I find that in todays world, with a surge of information, it is imperative that we also add our own insight because you never know the impact it may have on someone. Being in this class has taught me that no one else in this world has your experience. This is a powerful tool because when you use a creative space, such as your writing to talk about your experience, you can be shaping someone else’s perspective on the world around them. I find that sometimes, we can underestimate the impact we can have on someone’s life. Ultimately, developing the growth mindset was crucial for me because I see that even our best skills can be improved, and I am grateful for the perspective change.

Throughout this course, we bore witness multiple perspectives concerning academic partnerships. These new perspectives were offered by some of Geneseo’s very own faculty. Having their perspective was important because it showed me that the complexities of academic partnership can be seen anywhere. We first had a conversation with robbie routenberg who acts as Geneseo’s Chief Diversity and Inclusion Officer. This conversation yielded insights on the balance between being “prosponsive” or “responsive.” The former calling for an open conversation about certain experiences on campus before an incident has occurred, while the latter is the response to an incident. robbie focused on striking the delicate balance on issues like your right to freedom of speech versus someone else’s freedom of religion. robbie explained that the best response is to have a meaningful conversation in which you try to educate and cast a new perspective. We also spoke to Joe Cope who acts as the Associate Provost for Student Success at Geneseo. His discussion opened our minds to the syllabus that frequently acts as a contract between student and professor. While some students may feel powerless in this partnership, he insures us that a Professor can be held accountable for making arbitrary decisions. For example, if a Professor never mentions an attendance policy but fails you for missing two classes, you can appeal your grade, this option maintains the balance necessary for academic partnerships. We lastly spoke with Dr. Sasha Eloi-Evans who acts as the Director of Multicultural Programs and Services.
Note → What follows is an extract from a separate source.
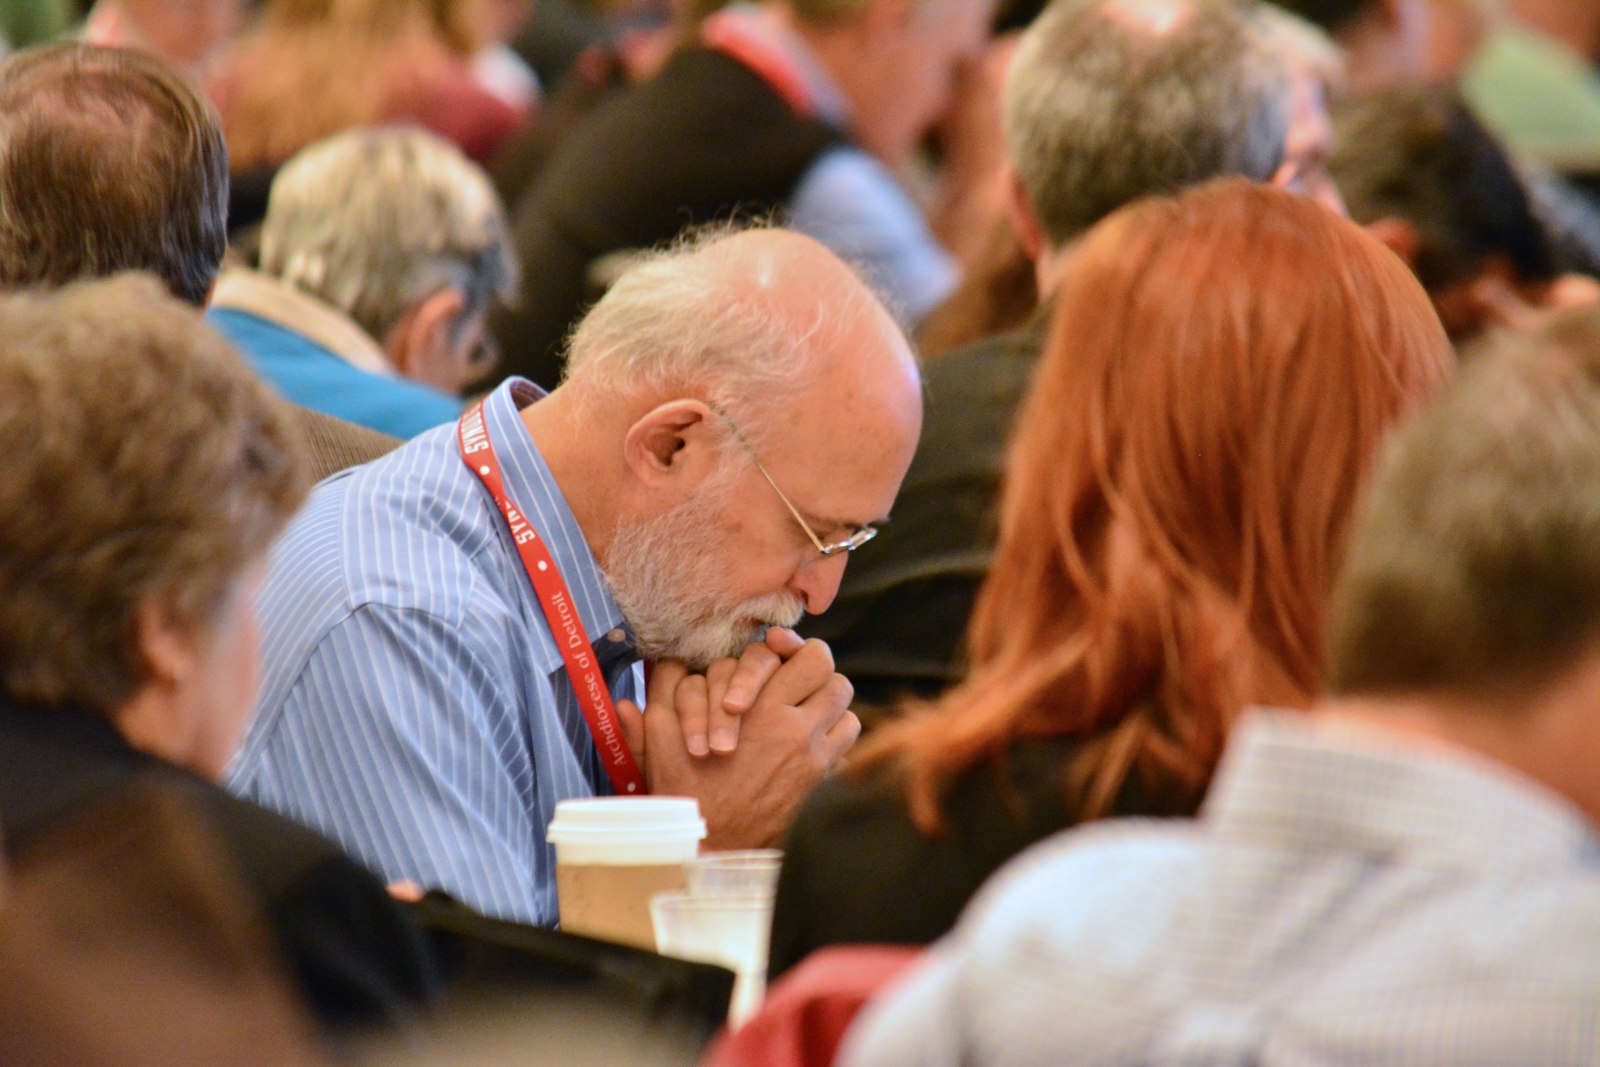 A synod member bows his head in prayer during one of the synod sessions. An emphasis on intercessory prayer, both at the parish and archdiocesan level, is one of the many lasting fruits of Synod 16, members say. (Michael Stechschulte | Detroit Catholic)

She provided insight to her navigation between the relationships of her students and colleagues where she emphasized the importance of open trust and consent. Successfully navigating consent, trust, and open conversations like the Geneseo faculty is imperative for every partnership.

At the beginning of this semester I remember hearing that Professor McCoy demanded greatness and growth from her students. But now, as my freshman year comes to a close the submission of this essay, what’s next? Who is going to help me grow, who is going to challenge my perspective every Monday and Friday? Well, this is when I pass on what I learned earlier this year called the Pygmalion Effect. It is the phenomenon whereby others’ expectations of a target person affect the target person’s performance, or more simply put, when you demand greatness out of someone, they perform greatly. I would then argue that this semester we were pushed to greatness by Professor McCoy, who made us revise essays and expand our perspective on a number of issues. But as time goes on, I think that we should demand greatness from ourselves. Geneseo’s GLOBE tells us as students we should, “gain practice in the ability to reflect upon changes in learning and outlook over time.” Being able to look back at my mindset and writing from January and compare it to now surreal. From this point on, we should begin assessing our own growth from time to time, in order to keep ourselves accountable for our growth. That’s why I hope you’ll join me by marking this date in your calendar to serve as a reminder to come back and re-read this essay every year. This course has given us the tools necessary to change our perspective, to grow and to ultimately never stop thinkING.